The European Central Bank has said banks have agreed to ultimately move a total of €1.3 trillion of assets to the euro area.

Elsewhere, more than half of stock trading in London is in shares of European companies and may migrate to EU venues.

Last month, the 300-year-old London Stock Exchange Group joined other trading venues in opening a platform in the EU because of the absence of a deal for finance.

For now, London has hardly been hollowed out and it holds formidable advantages that will take years, if not decades, to erode.

Plenty see an opportunity for the City of London, whose global stature is testament to its long history of adaptation.

"London will reinvent itself to remain a hub," said Mr Ali Jamal, founder of wealth manager Azura, which has an office in Mayfair and manages about US$3 billion.

"No city in Europe can compete with London on three factors: language, legal system and infrastructure."

Get going

Still, it has been hard preparing for a future that is both murky and very complex.

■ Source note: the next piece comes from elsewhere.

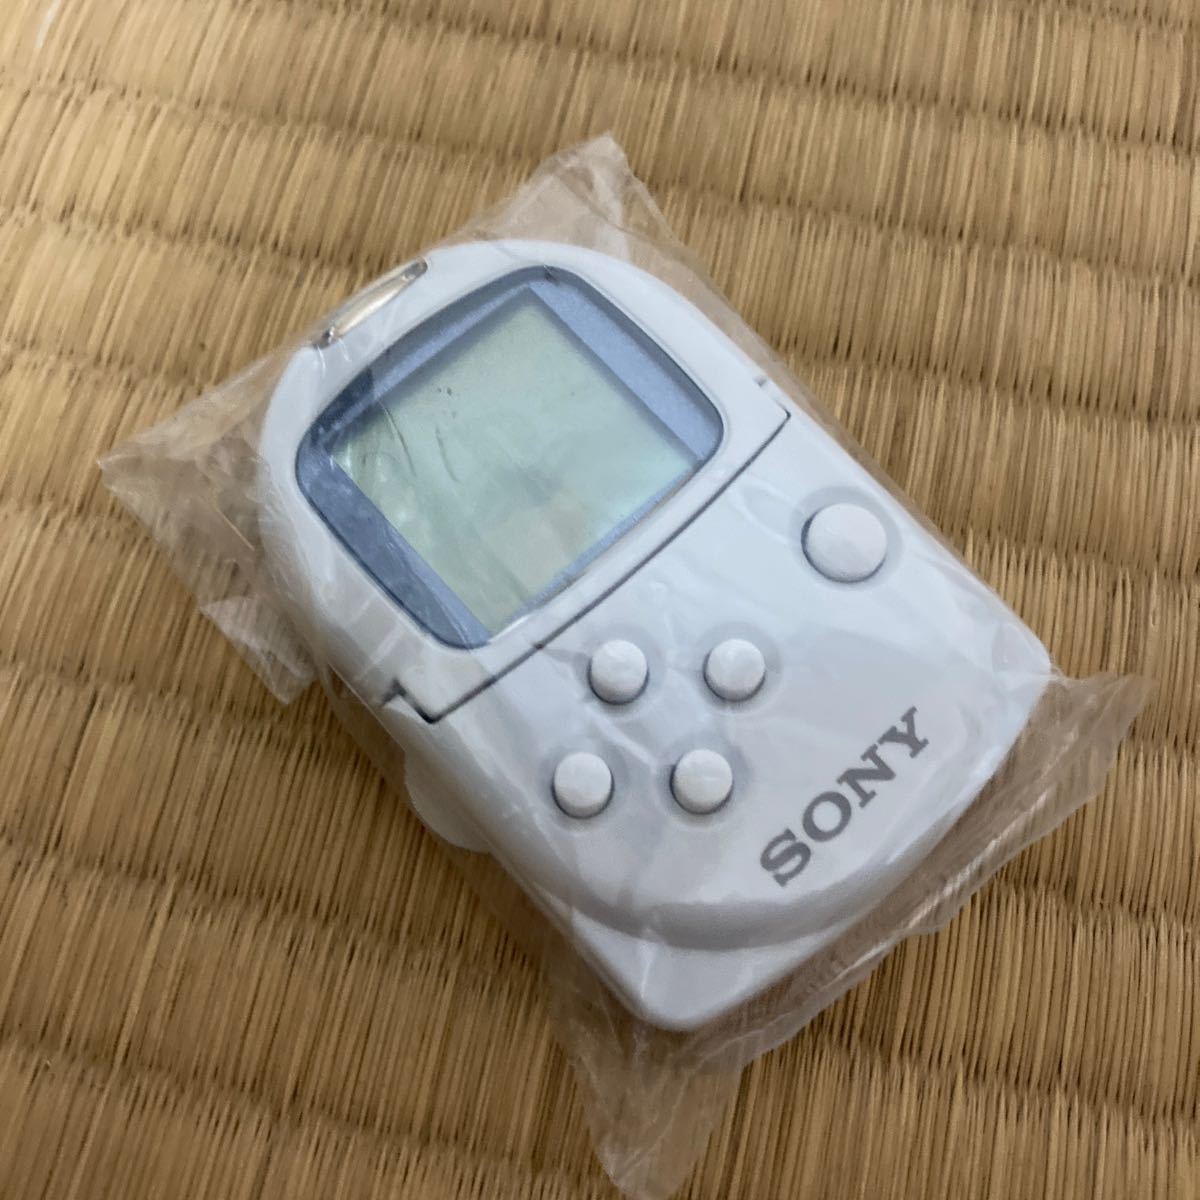 SONY PocketStation white unopened unused

The government arranged a webinar for finance firms in October, with a pre-recorded speech and slides on topics such as accounting, emblazoned with the branding, "UK's new start, let's get going", according to one attendee who asked not to be named.

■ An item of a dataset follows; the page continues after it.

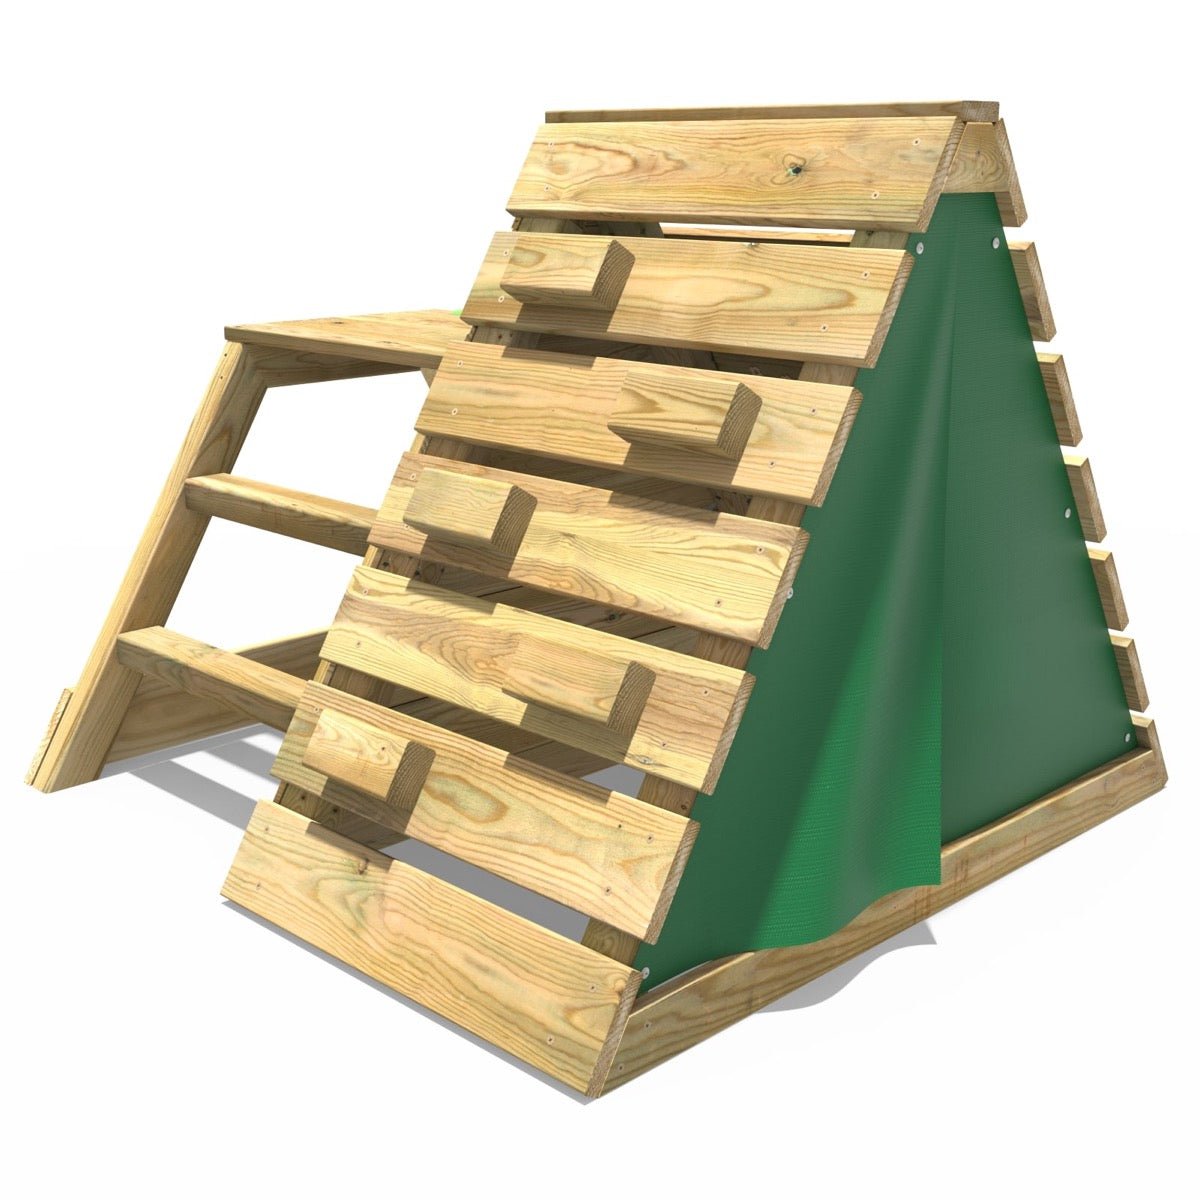 Rebo Mini Wooden Climbing Pyramid Adventure Playset + Slide - Green

The content was too general to be useful, the person said.

The trade deal offers some certainty to the broader economy, which will indirectly help the banks.

"Reaching a trade deal is important for our corporate clients, as they will want to avoid the impacts of tariffs on cross border trade in goods," said Mr James Bardrick, head of the UK at Citigroup.

And the deal may also help unlock what Mr Bardrick and his peers want most: an EU declaration that UK regulations are robust, known as equivalence.

This ruling would enable business to continue largely as usual, but it's in the hands of the EU, which can also withdraw equivalence at short notice.

Over the long haul, much will depend on the course of political horse-trading for finance and what regulators and supervisors expect, according to Mr Bardrick.

"We and the rest of the industry may need to evolve our plans and staffing levels to serve our clients in Europe effectively," he said.

It's that lingering uncertainty that is set to define the City of London's future even as the UK begins to negotiate trade accords in earnest.

"Four years ago, a nation decided to shoot itself in the foot and see if it could run a race," said Mr Michael Mainelli, executive chairman of finance consultancy Z/Yen, who was elected sheriff of the City of London in 2019.

"Brexit is an unnecessary distraction. Nobody has shown me a single advantage economically in any shape or form."